10000 loops, best of 3: 63.5 µs per loop
10000 loops, best of 3: 154 µs per loop
10000 loops, best of 3: 62.8 µs per loop
10000 loops, best of 3: 151 µs per loop
10000 loops, best of 3: 68.4 µs per loop
--------
10000 loops, best of 3: 50.9 µs per loop
1000 loops, best of 3: 405 µs per loop
10000 loops, best of 3: 57.3 µs per loop
10000 loops, best of 3: 151 µs per loop
10000 loops, best of 3: 68.4 µs per loop
--------
10000 loops, best of 3: 51.1 µs per loop
1000 loops, best of 3: 409 µs per loop
10000 loops, best of 3: 57.4 µs per loop
10000 loops, best of 3: 151 µs per loop
10000 loops, best of 3: 68.5 µs per loop
--------
10000 loops, best of 3: 51.6 µs per loop
10000 loops, best of 3: 126 µs per loop
10000 loops, best of 3: 57.5 µs per loop
10000 loops, best of 3: 151 µs per loop
10000 loops, best of 3: 68.5 µs per loop
--------
0.28.1

10000 loops, best of 3: 59.4 µs per loop
10000 loops, best of 3: 153 µs per loop
10000 loops, best of 3: 192 µs per loop
1000 loops, best of 3: 207 µs per loop
10000 loops, best of 3: 68.5 µs per loop
--------
10000 loops, best of 3: 102 µs per loop
1000 loops, best of 3: 406 µs per loop
10000 loops, best of 3: 192 µs per loop
1000 loops, best of 3: 207 µs per loop
10000 loops, best of 3: 68.4 µs per loop
--------
10000 loops, best of 3: 102 µs per loop
1000 loops, best of 3: 408 µs per loop
10000 loops, best of 3: 192 µs per loop
1000 loops, best of 3: 208 µs per loop
10000 loops, best of 3: 68.4 µs per loop
--------
10000 loops, best of 3: 102 µs per loop
10000 loops, best of 3: 126 µs per loop
10000 loops, best of 3: 192 µs per loop
1000 loops, best of 3: 206 µs per loop
10000 loops, best of 3: 68.6 µs per loop
--------
0.29.0

As you can see, for some unlucky cases, the current implementation is 8x slower than nanmin_demo. About half of this speedup comes from using x.flat instead of nd.iter. I'm actually not sure, if there are some good reasons to use nd.iter instead of x.flat? If so, I'd be curious to learn, cause it would also affect a bunch of code that I wrote for numpy_groupies.

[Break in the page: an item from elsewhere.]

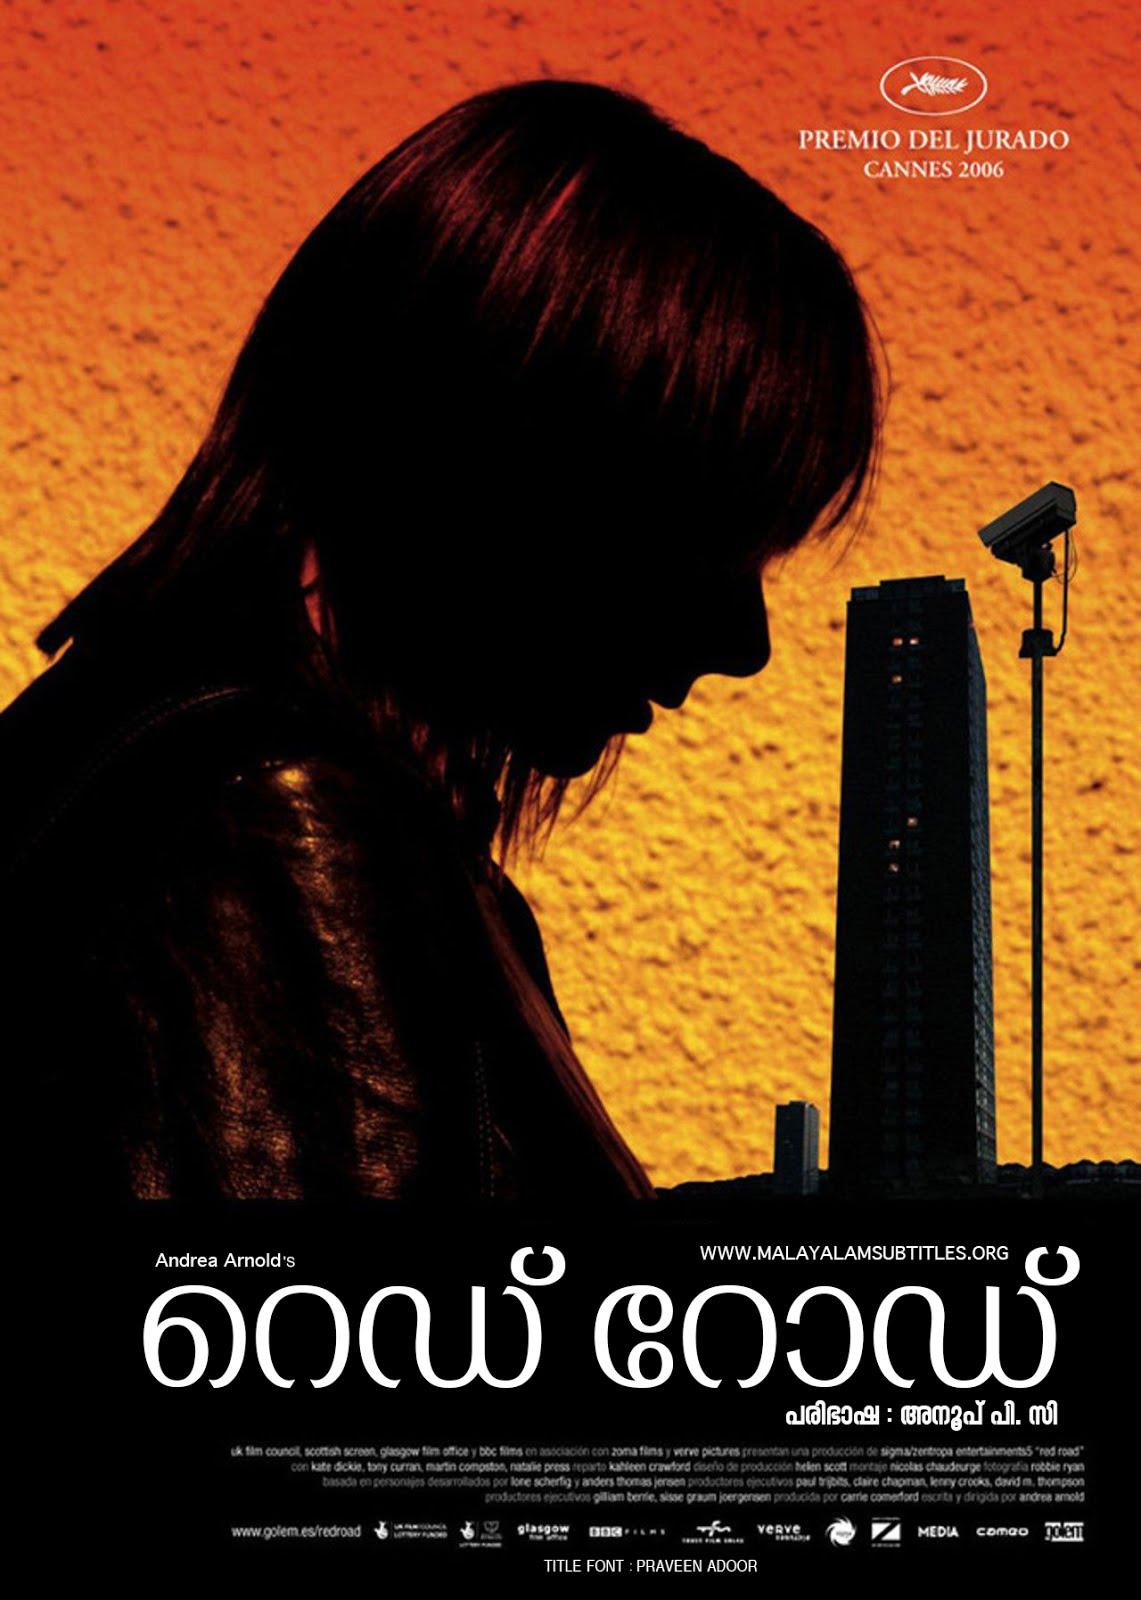 എം സോണ് - Malayalam Subtitles for Everyone

The other major speedup seems to be some unlucky branching being done when if is fed with more than a simple nan-check or comparison. The jitted code seems to suffer much more from adding compound if-statements than ordinary C code. Any ideas why that is?

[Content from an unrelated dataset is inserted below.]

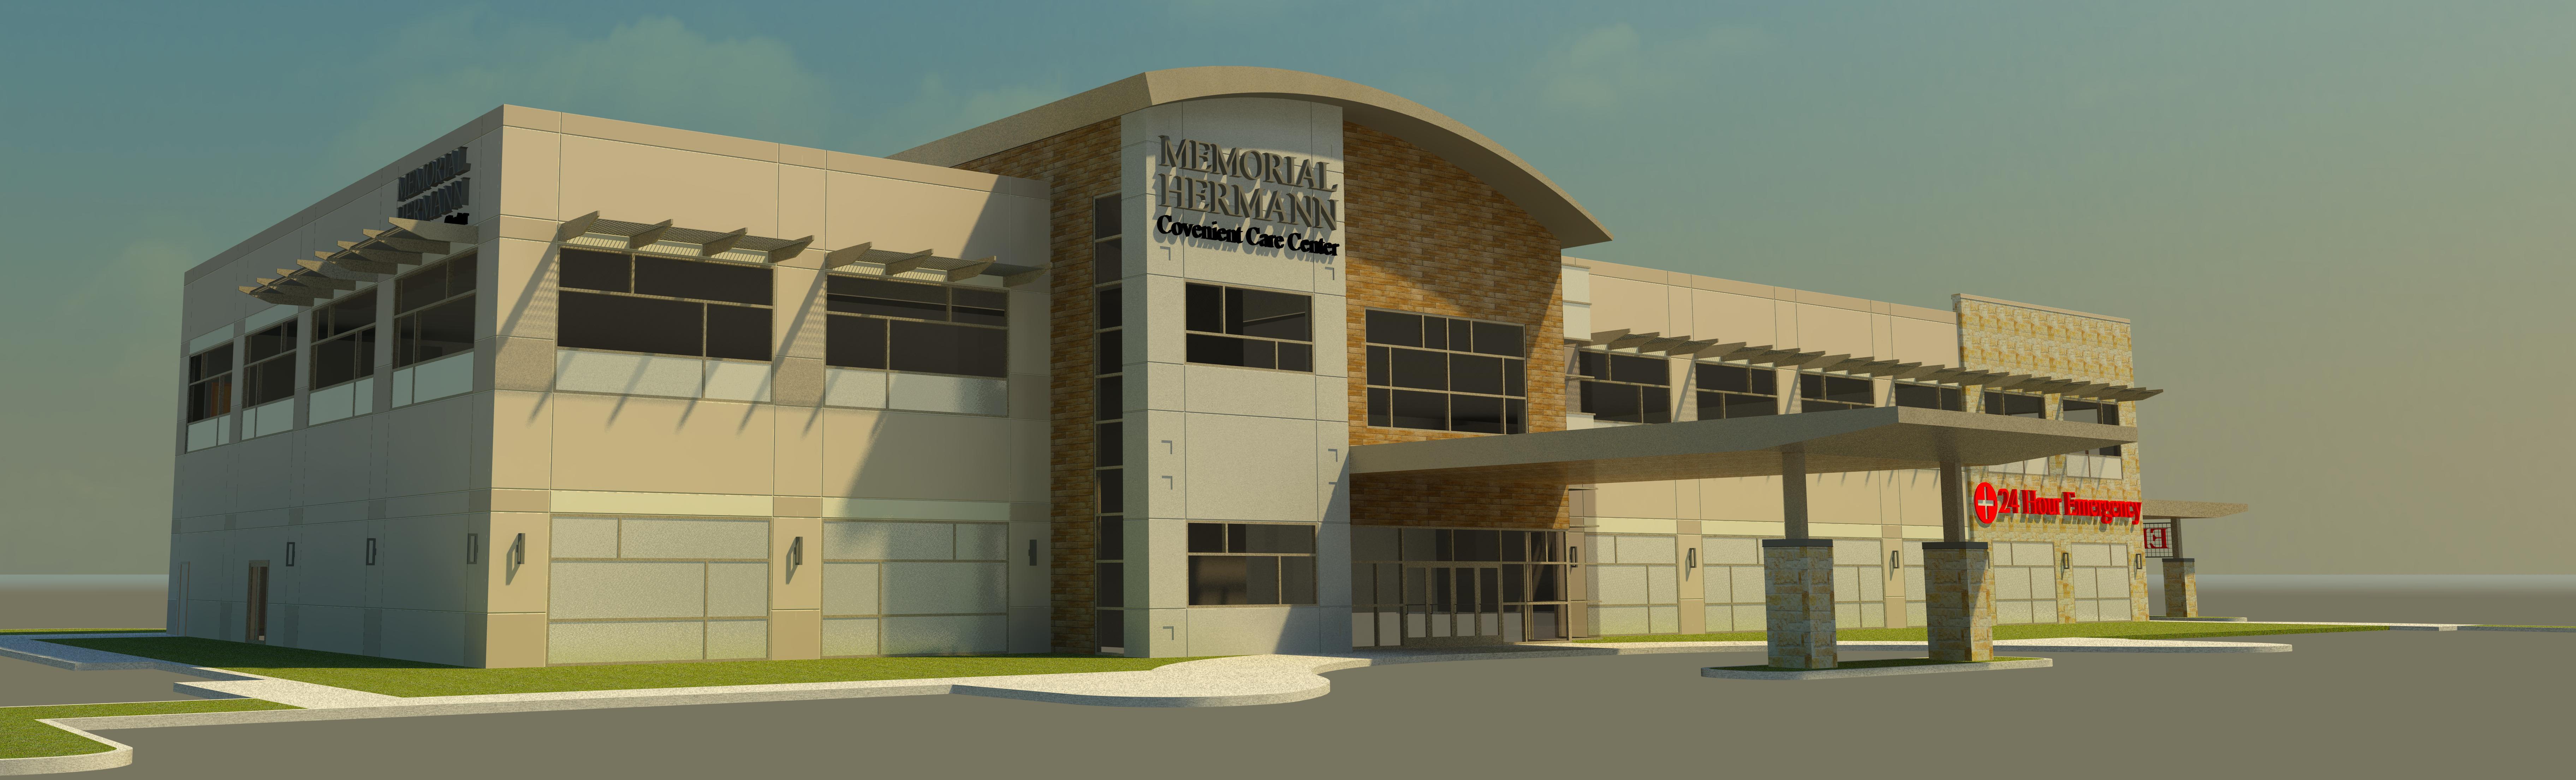 Memorial Hermann Announces Plans for Convenient Care Center in ...

If it should actually be valid, to use the flatiter for these cases, I'd go ahead and put some more optimizations together for a pull request.

gdementen commented 7 years ago

You might want to have a look at https://github.com/shoyer/numbagg

pitrou commented 7 years ago

Well, nanmin_impl() doesn't use the same algorithm as nanmin(), so you may be comparing apples to oranges here.